Pensions crucial for public employees

March 06, 2010

I am writing in response to Ron Smith's recent column, "Showdown over public employee benefits looming" (Feb. 26) and other misguided opinion pieces that have recently appeared in your newspaper.

In his column, Mr. Smith attempts to make a point against public employees by saying, "The average federal worker's salary is a lot higher than the average private-sector worker's (about $30,000 more, according to USA Today)" and that government workers also have far more generous retirement and health benefits.

Here in the state of Maryland, Mr. Smith may be surprised to know, state employees who take care of foster children, keep Marylanders safe, help those in need of mental health and other health care services, are grossly underpaid, have extremely high turnover rates and are coping with unprecedented and dangerous understaffing. Pension benefits help somewhat to make up for the lower pay and increasing demands of these public service positions.

In the Maryland Department of Juvenile Services for example, 36 percent of employees leave within 12 months of employment. In the Social Services Child Welfare Division, the state has yet to meet staffing standards set in 1998. One third of Parole and Probation agents hired since May, 2002 have already left state service, and each replacement costs $5,000 to train. These are people critical to protecting our neighborhoods.

Mr. Smith also asserts that, "Public employees, such as teachers, enjoy defined benefit pension plans, ones that promise specific payments to a retiree, usually tied to a percentage of that person's final salary. Because of mounting costs, defined pension plans have become a rarity in the private sector over the last couple of decades."

In fact, while the media often focuses on the handful of public employees who receive inflated retirement benefits (although usually nothing compared to extreme private sector bonuses and retirement packages), those examples are exceptions. The average pension for a retired public employee in the U.S. is about $20,000. The biggest mistake for policymakers would be to cut benefits for all retirees in response to news stories about a few outliers.

Further, according to the National Institute on Retirement Security (NIRS), each dollar in taxpayer contributions to Maryland's state and local pension plans ultimately supports $6 in total economic activity in the state.
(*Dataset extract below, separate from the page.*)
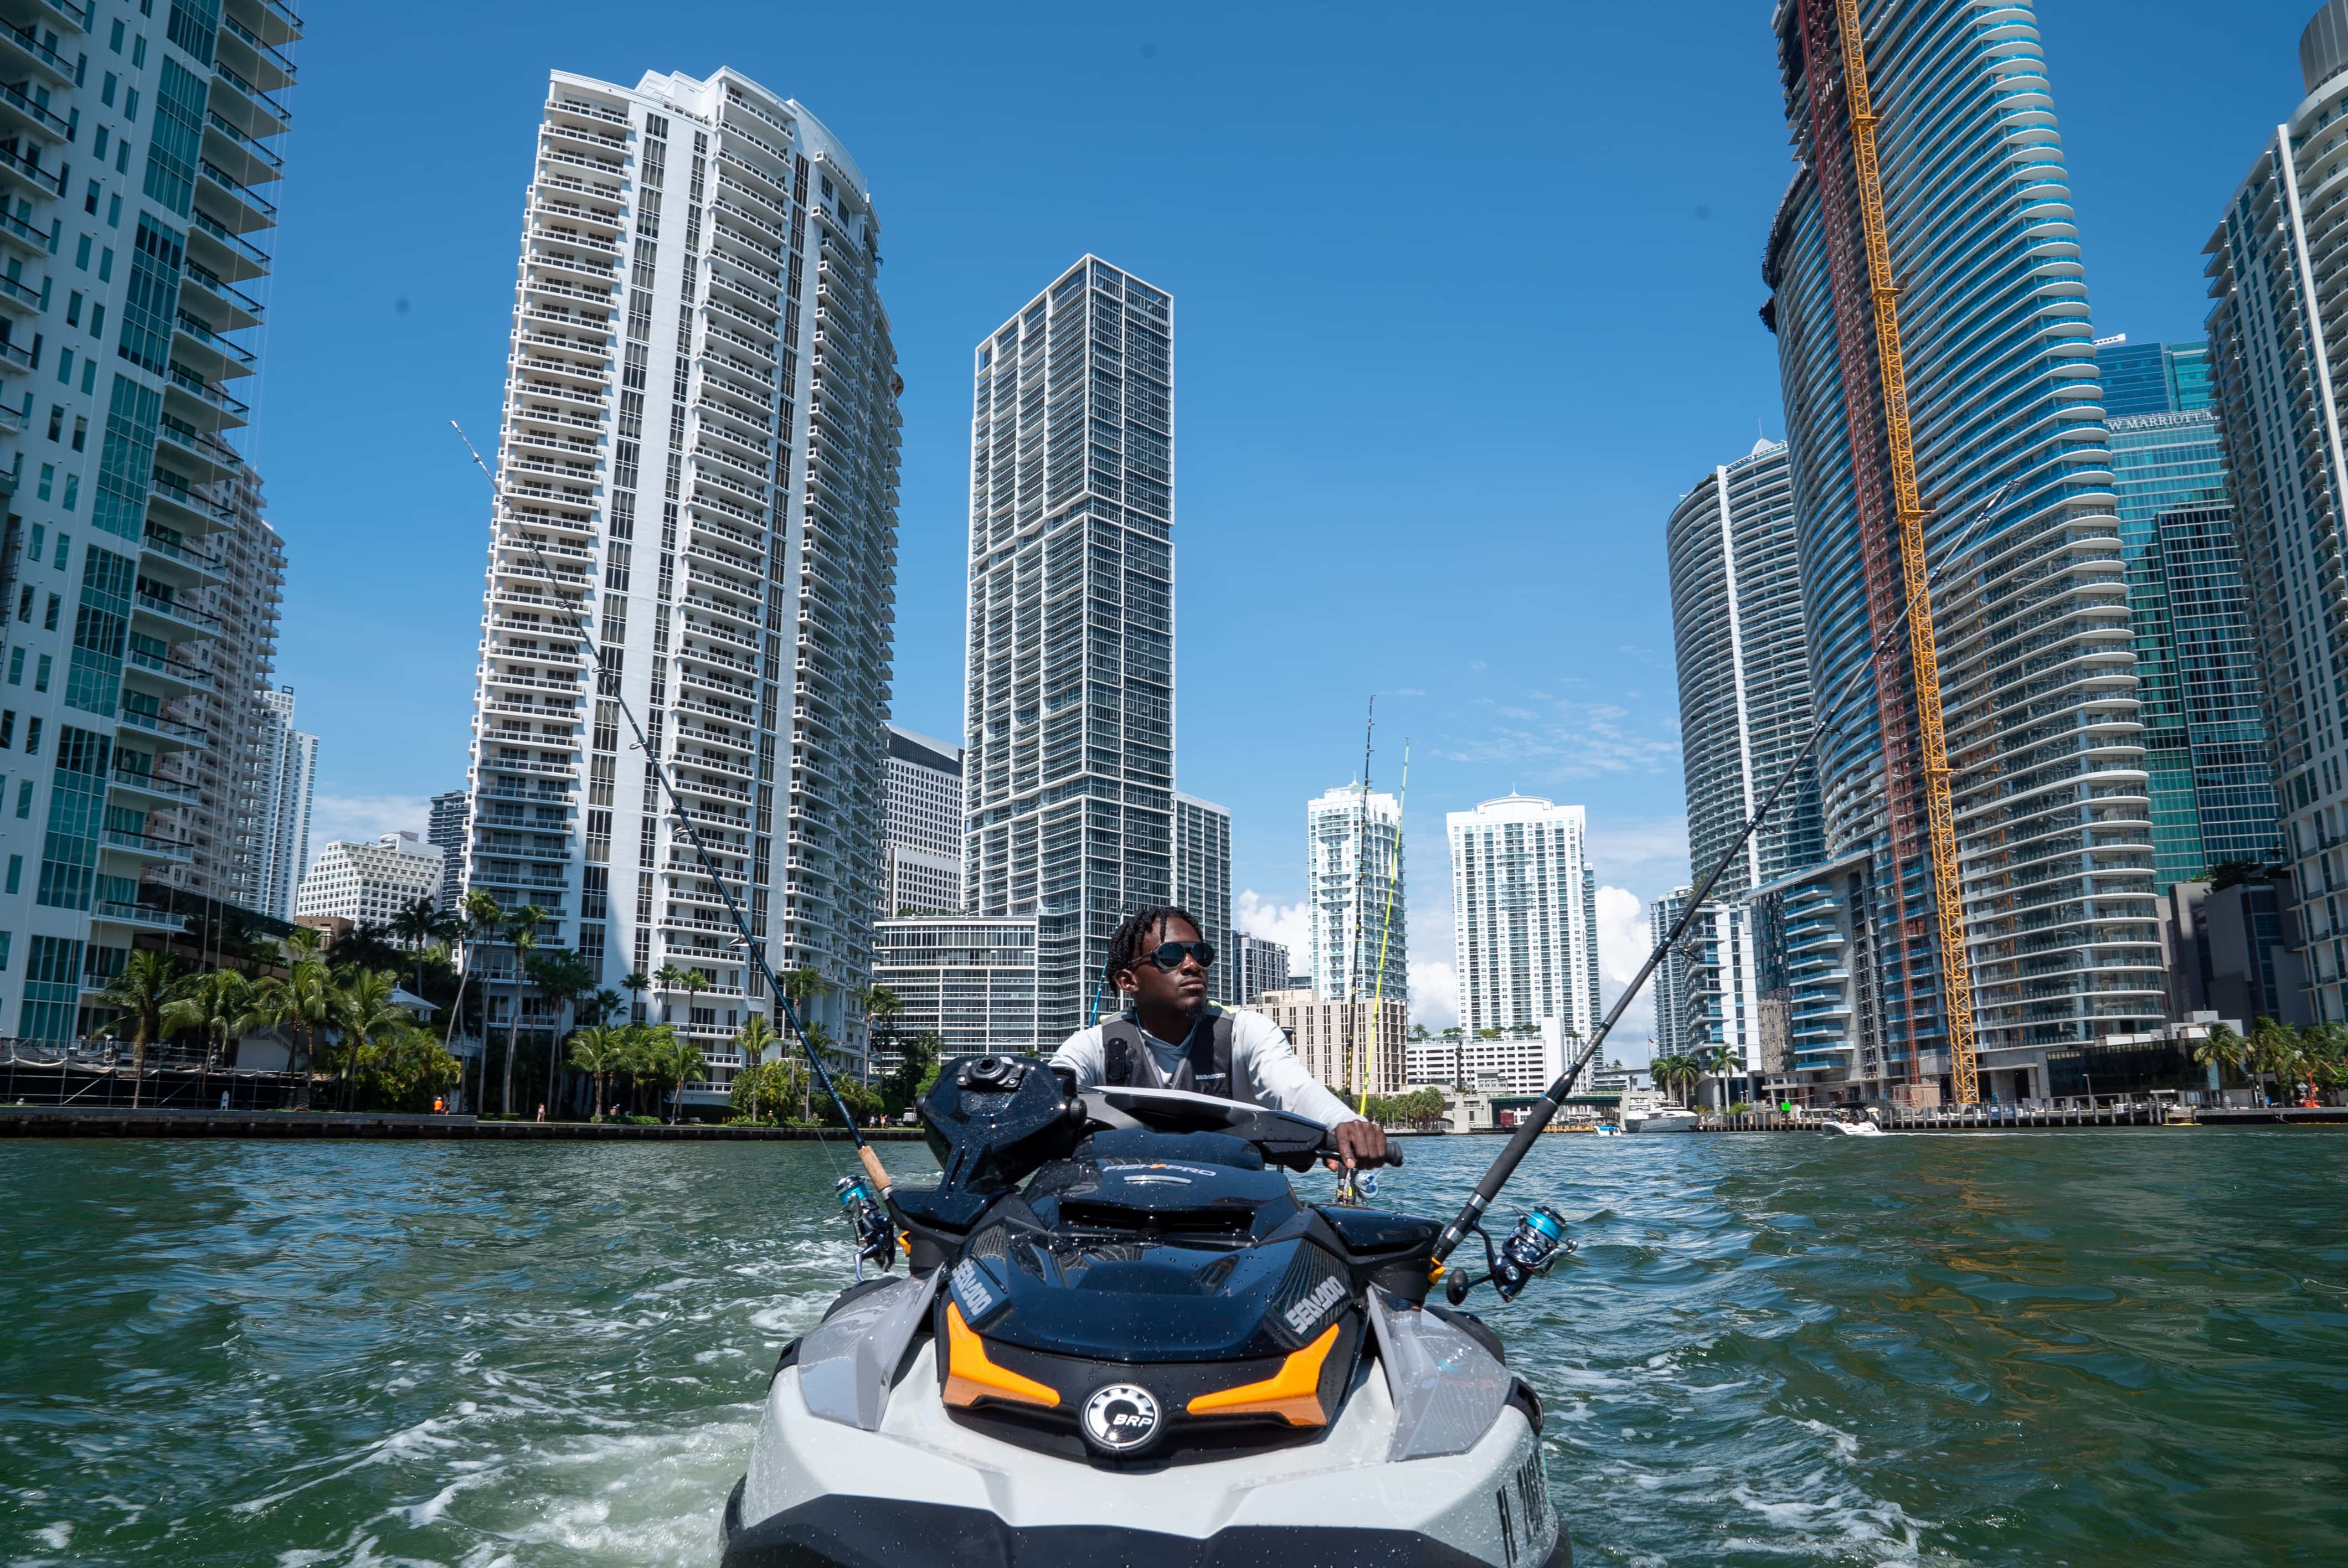 Emmanuel Williams on a Sea-Doo FISHPRO with city in background

This reflects the fact that investment returns provide the bulk of financing for the retirement benefits that in turn provide income and jobs for others in the state. NIRS estimates that retiree expenditures stemming from state and local pension plan benefits support over 21,000 jobs in the state. ("Pensionomics: Measuring the Economic Impact of State and Local Pension Plans," National Institute on Retirement Security, February 2009.)

Over the last several years we have seen a sharp decline in the savings among the middle and working class in America as their 401-k accounts were brutalized by irresponsible players on Wall Street. The private sector has put the burden on the public while they took guaranteed pensions away from their employees and forced them into 401-k programs that are subjected to the bandits on Wall Street, leaving the taxpayers to clean up the mess.

Our state employees deserve better from the likes of Mr. Smith. They deserve to receive the pensions they have contributed to and earned, without having to constantly fight for them and continually justify them. Let's save that for Wall Street bandits.

Patrick Moran, Annapolis

The writer is director of the American Federation of State, County and Municipal Employees Maryland.